BSN PL Handbook Arizona

Faculty

As nursing faculty at Aspen University, we embrace our responsibility to all clients entrusted to our care and with those with whom we work and are committed to the American Nurses Association Code of Ethics for Nurses.

  • The nurse practices with compassion and respect for the inherent dignity, worth, and unique attributes of every person.
  • The nurse’s primary commitment is to the patient, whether an individual, family, group, community, or population.
  • The nurse promotes, advocates for, and protects the rights, health, and safety of the patient.
  • The nurse has authority, accountability, and responsibility for nursing practice; makes decisions; and takes action consistent with the obligation to promote health and to provide optimal care.

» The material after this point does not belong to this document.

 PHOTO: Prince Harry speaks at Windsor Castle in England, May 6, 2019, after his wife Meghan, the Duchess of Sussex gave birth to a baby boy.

  • The nurse owes the same duties to self as to others, including the responsibility to promote health and safety, preserve wholeness of character and integrity, maintain competence, and continue personal and professional growth.
  • The nurse, through individual and collective effort, establishes, maintains, and improves the ethical environment of the work setting and conditions of employment that are conducive to safe, quality health care.

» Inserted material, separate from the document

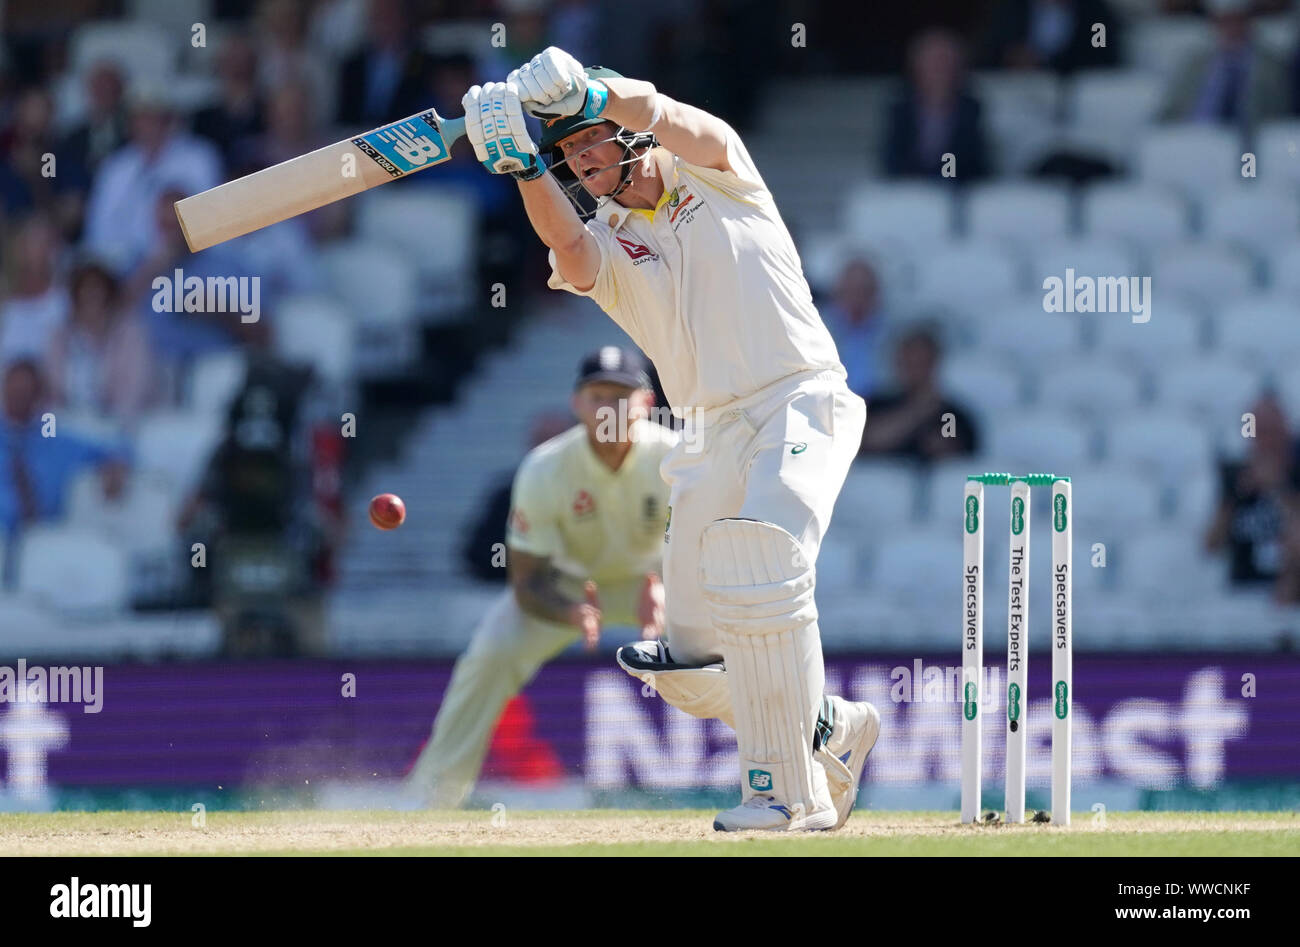 Australia's Steve Smith bats during day four of the fifth test match at The Kia Oval, London. Stock Photo

  • The nurse, in all roles and settings, advances the profession through research and scholarly inquiry, professional standards development, and the generation of both nursing and health policy.
  • The nurse collaborates with other health professionals and the public to protect human rights, promote health diplomacy, and reduce health disparities.
  • The profession of nursing, collectively through its professional organizations, must articulate nursing values, maintain the integrity of the profession, and integrate principles of social justice into nursing and health policy.